:: EXERCISE INPUT

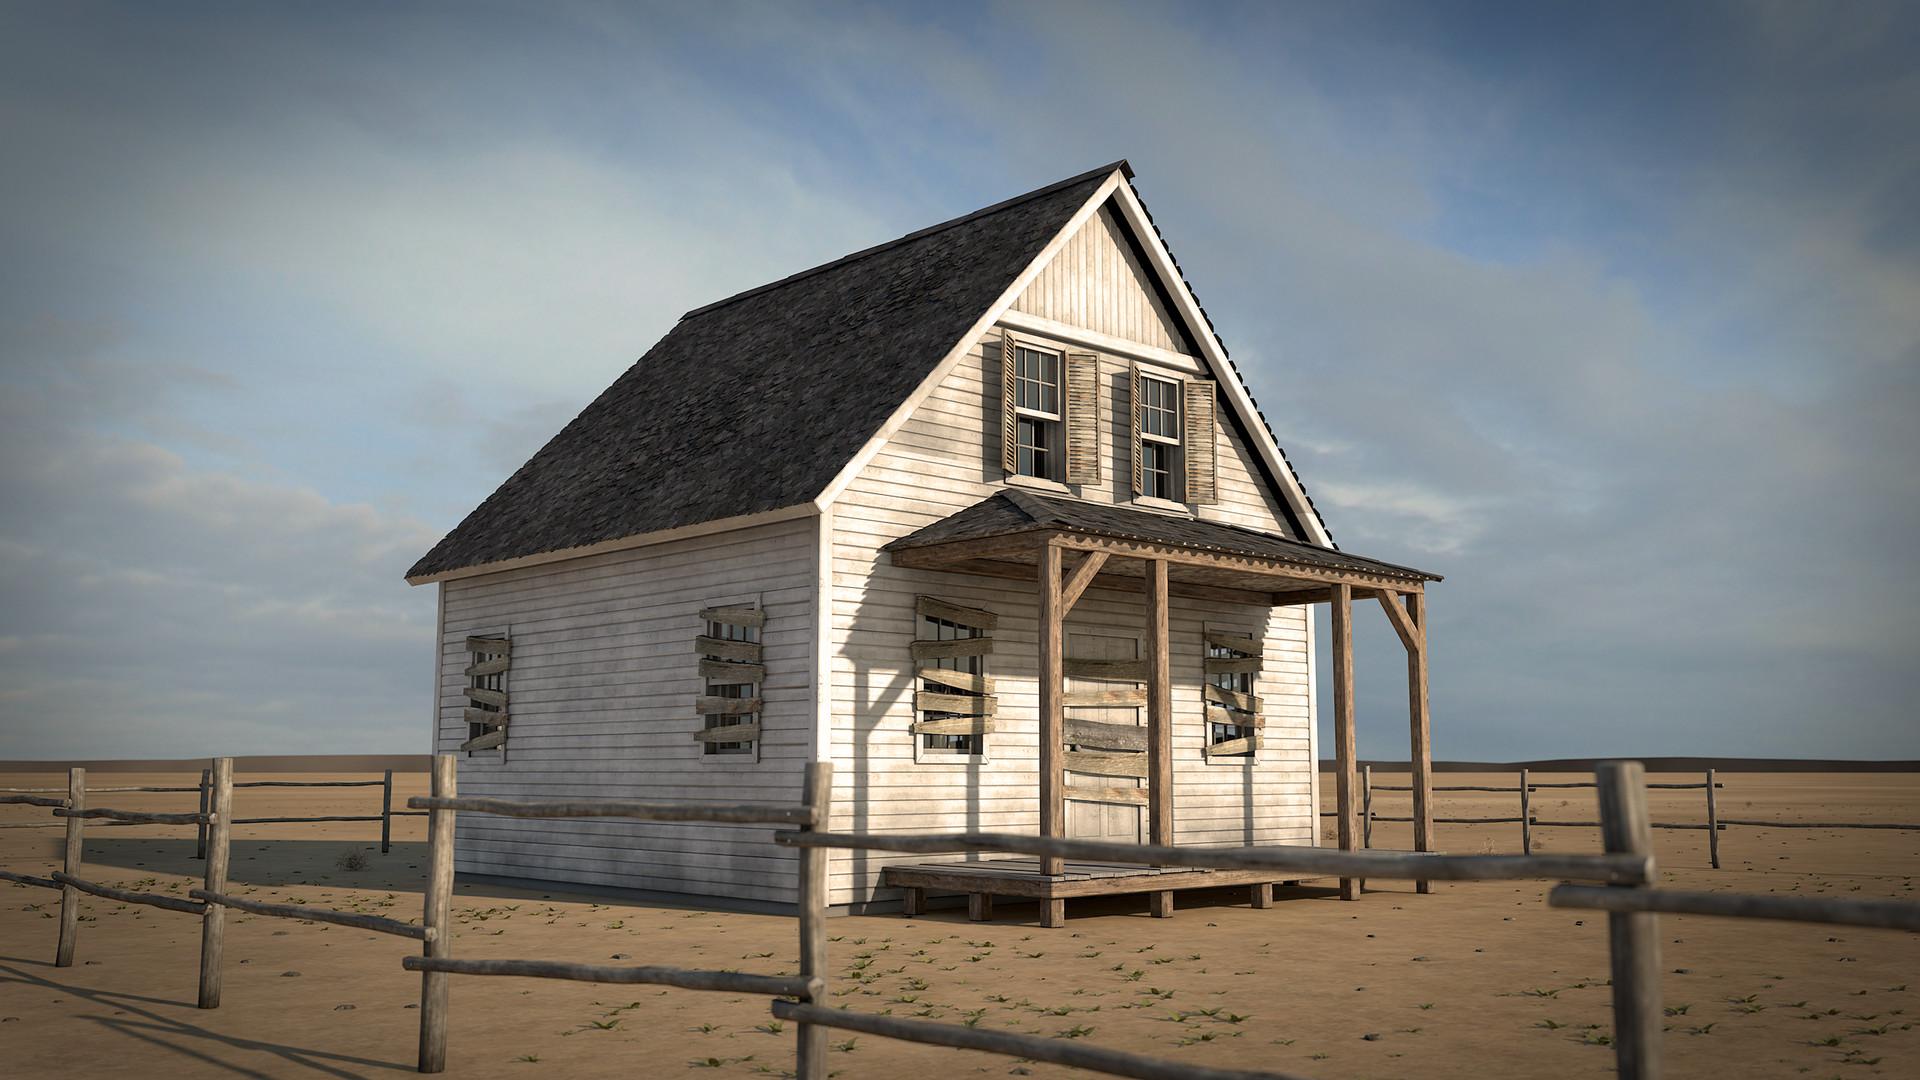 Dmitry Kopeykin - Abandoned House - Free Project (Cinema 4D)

::::
:: EXERCISE INPUT

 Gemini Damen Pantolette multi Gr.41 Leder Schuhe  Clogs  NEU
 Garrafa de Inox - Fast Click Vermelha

::::
:: EXERCISE INPUT

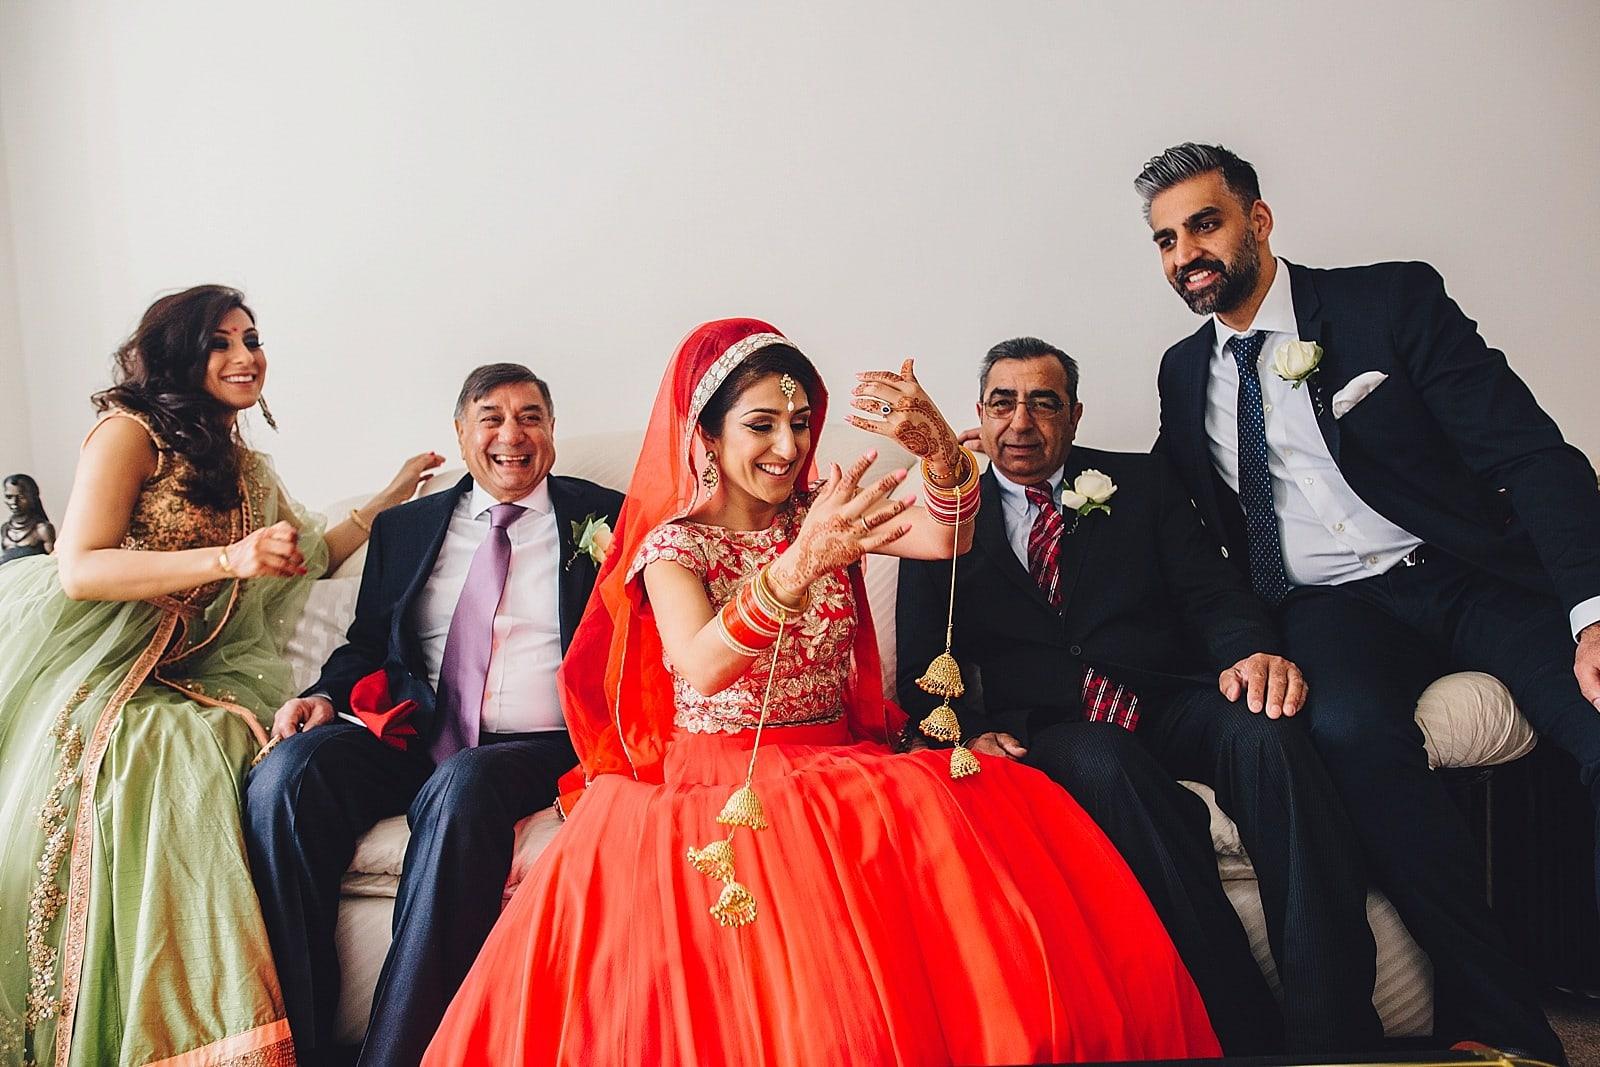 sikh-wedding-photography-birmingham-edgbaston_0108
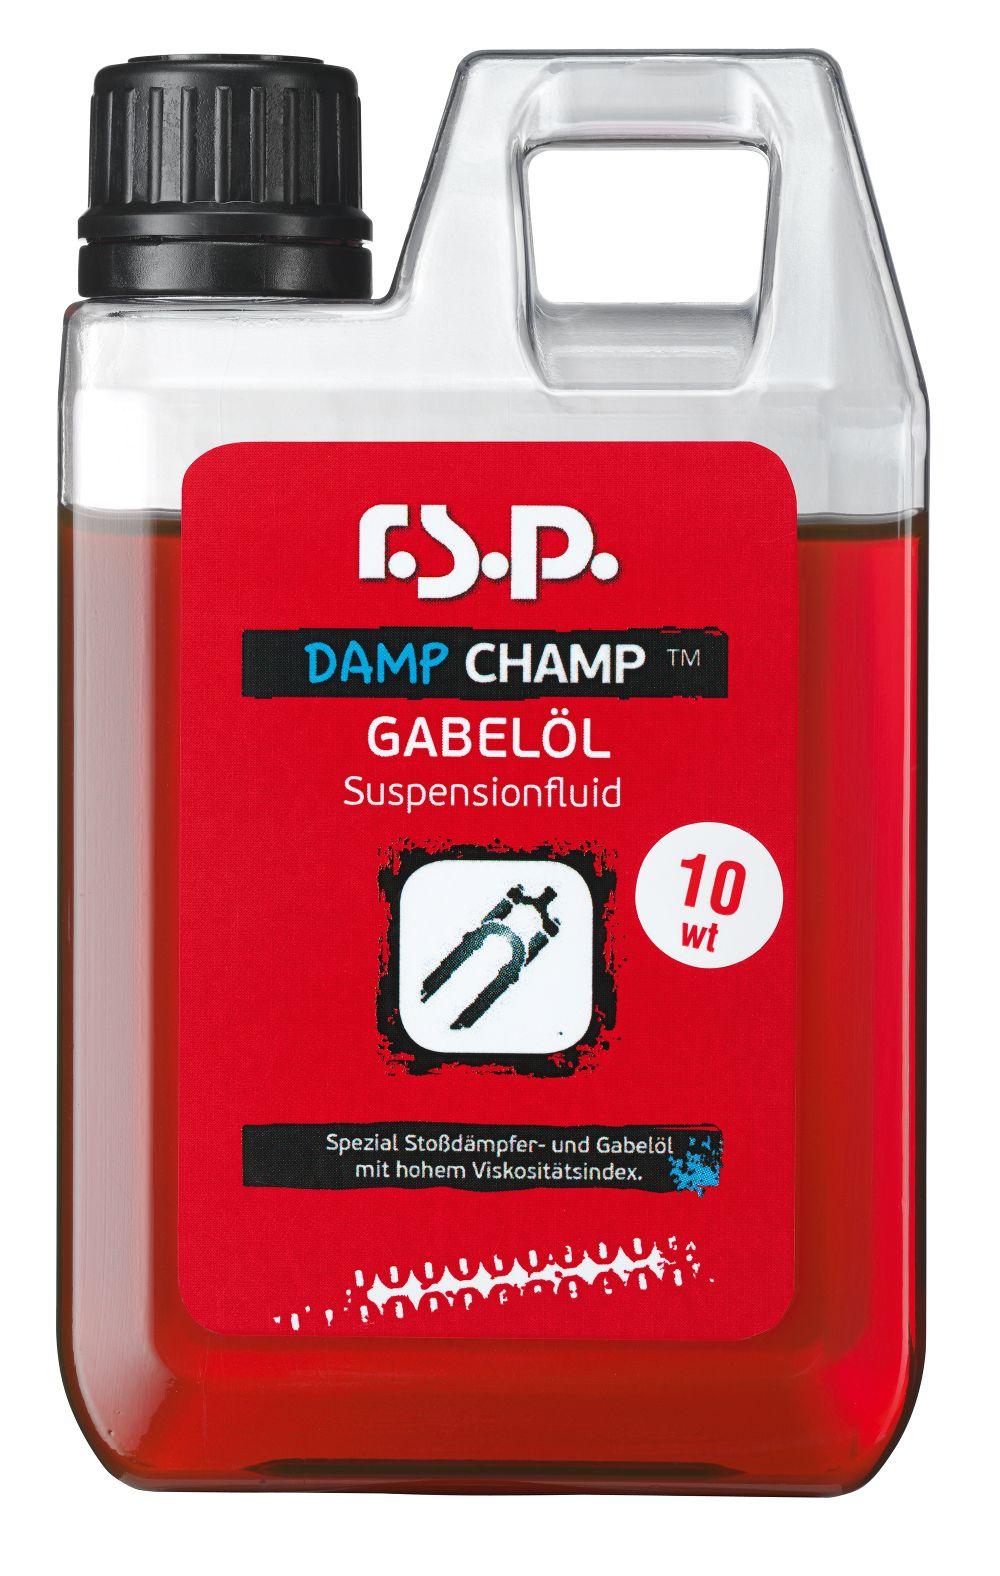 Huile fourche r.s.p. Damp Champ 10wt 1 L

::::

WHAT IS NEEDED:
Your answer should be the exact lines above from the one containing "sikh-wedding-photography-birmingham-edgbaston_0108" through the one containing "Huile fourche r.s.p. Damp Champ 10wt 1 L", with both end lines kept and the pictures removed, please.

TASK RESPONSE:
 sikh-wedding-photography-birmingham-edgbaston_0108
 Huile fourche r.s.p. Damp Champ 10wt 1 L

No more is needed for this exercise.